Countrywide has successfully placed 21.6m shares to institutional investors at the competitive price of 175p per share - allowing it to raise around £37.8m, most of which will go into its hybrid digital service which may become a rival to Purplebricks as a result.

The share placing, which took place yesterday morning, represents around 10 per cent of the company's market capitalisation; these new shares will be admitted to the London Stock Exchange on Monday.

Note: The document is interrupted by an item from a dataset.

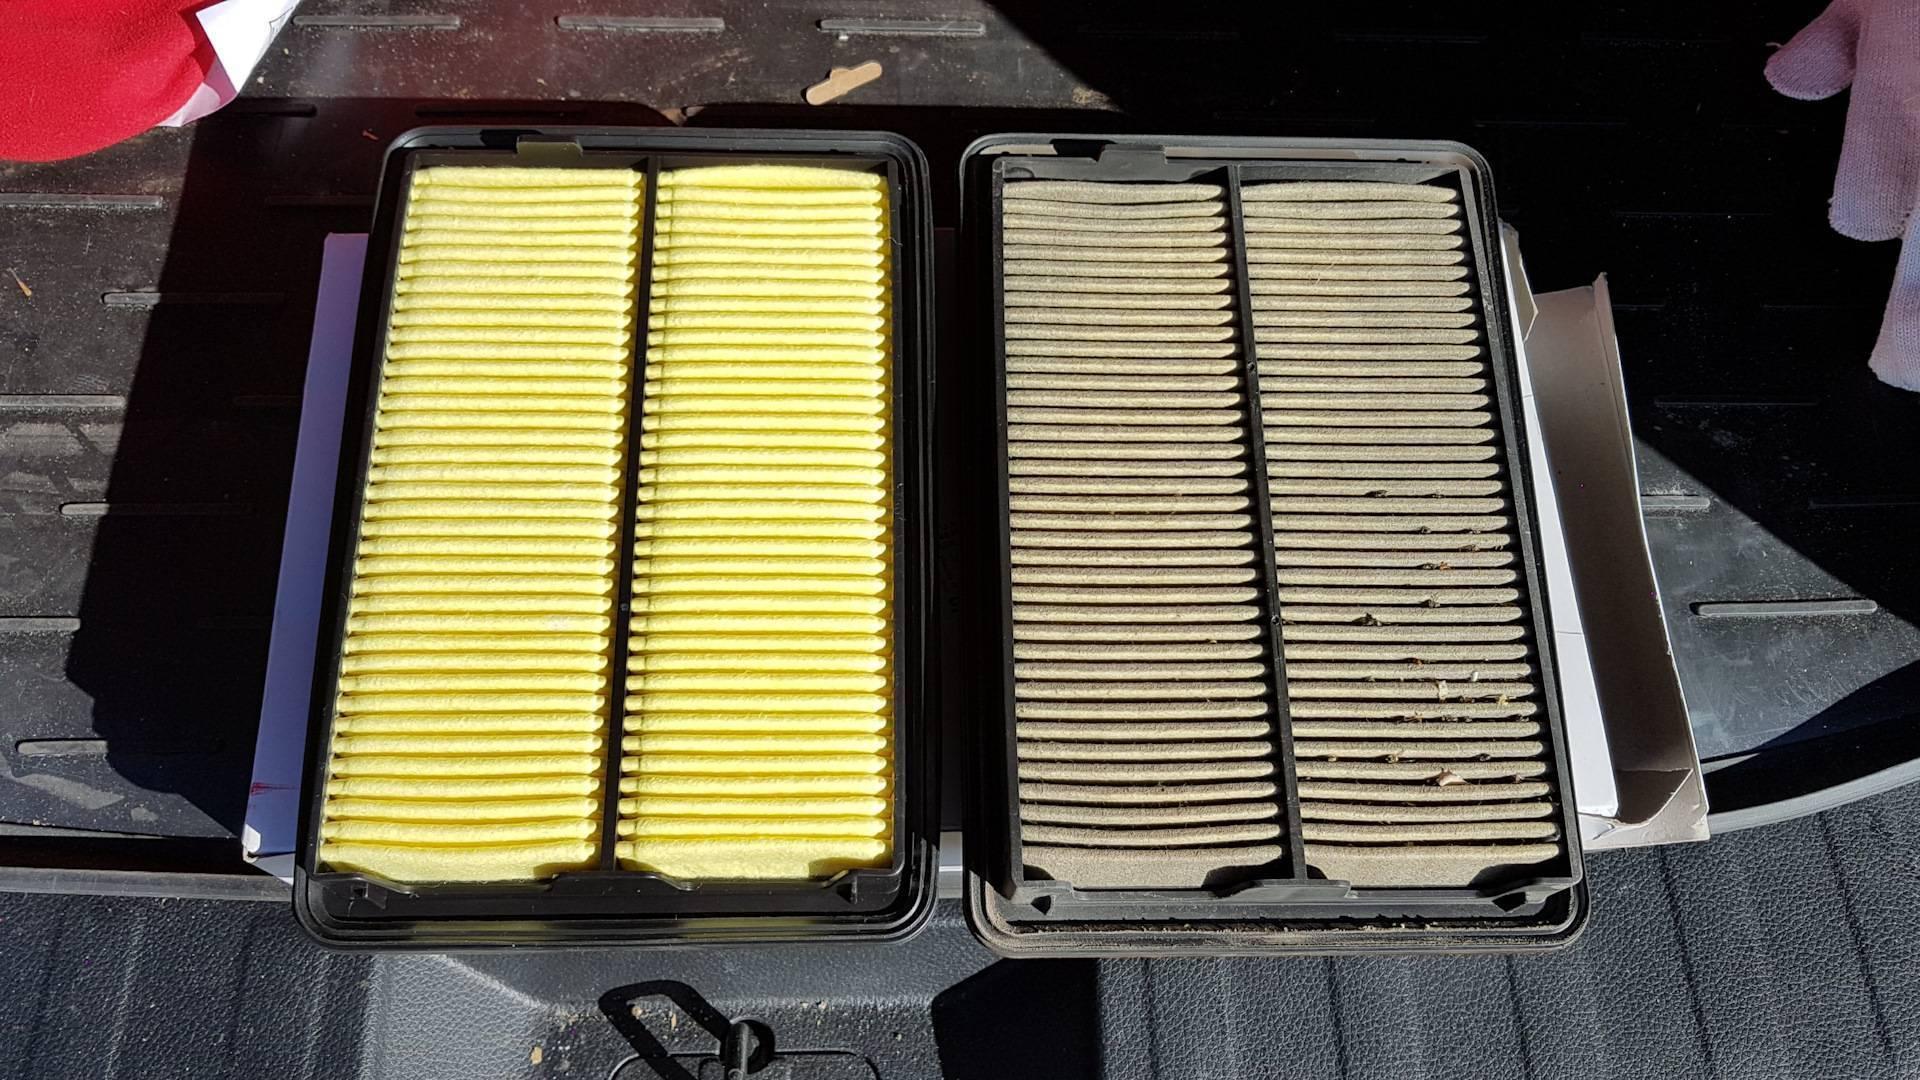 Как часто нужно менять фильтры в автомобиле?

Countrywide's share price closed down slightly on the day yesterday, at 183p.

While the company says some of the share placing proceeds many be used to provide "financial flexibility" in the light of a challenging housing market forecast for 2017, most of the new funding will be used to expand Countrywide's digital roll-out.


In its report to the City and shareholders yesterday, based on the Countrywide group's 2016 performance, chief executive Alison Platt said the digital roll out is on target to reach some 25 per cent of the agency's branches - which now number 800 in total following a round of closures as part of the 'Retail' restructuring process - by June of this year.

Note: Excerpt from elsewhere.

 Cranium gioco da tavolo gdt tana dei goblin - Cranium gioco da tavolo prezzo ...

The company says the phased roll out to date - starting last spring and then most recently involving the Entwistle Green brand on Merseyside and in Lancashire - has been highly successful; the Entwistle pilot was "the most successful yet" Platt says.

Countrywide says the online service - charging customers from £695 to £995 for a primarily online service and then allowing them to 'upgrade' to a full-service traditional offer if they wish - has produced more leads, more valuations, more instructions and more sales, the firm insists.

Meanwhile the former managing director of Countrywide, Lee Wainwright - who left the firm at the end of 2016 after over 25 years of service - has this month become operations director at Purplebricks.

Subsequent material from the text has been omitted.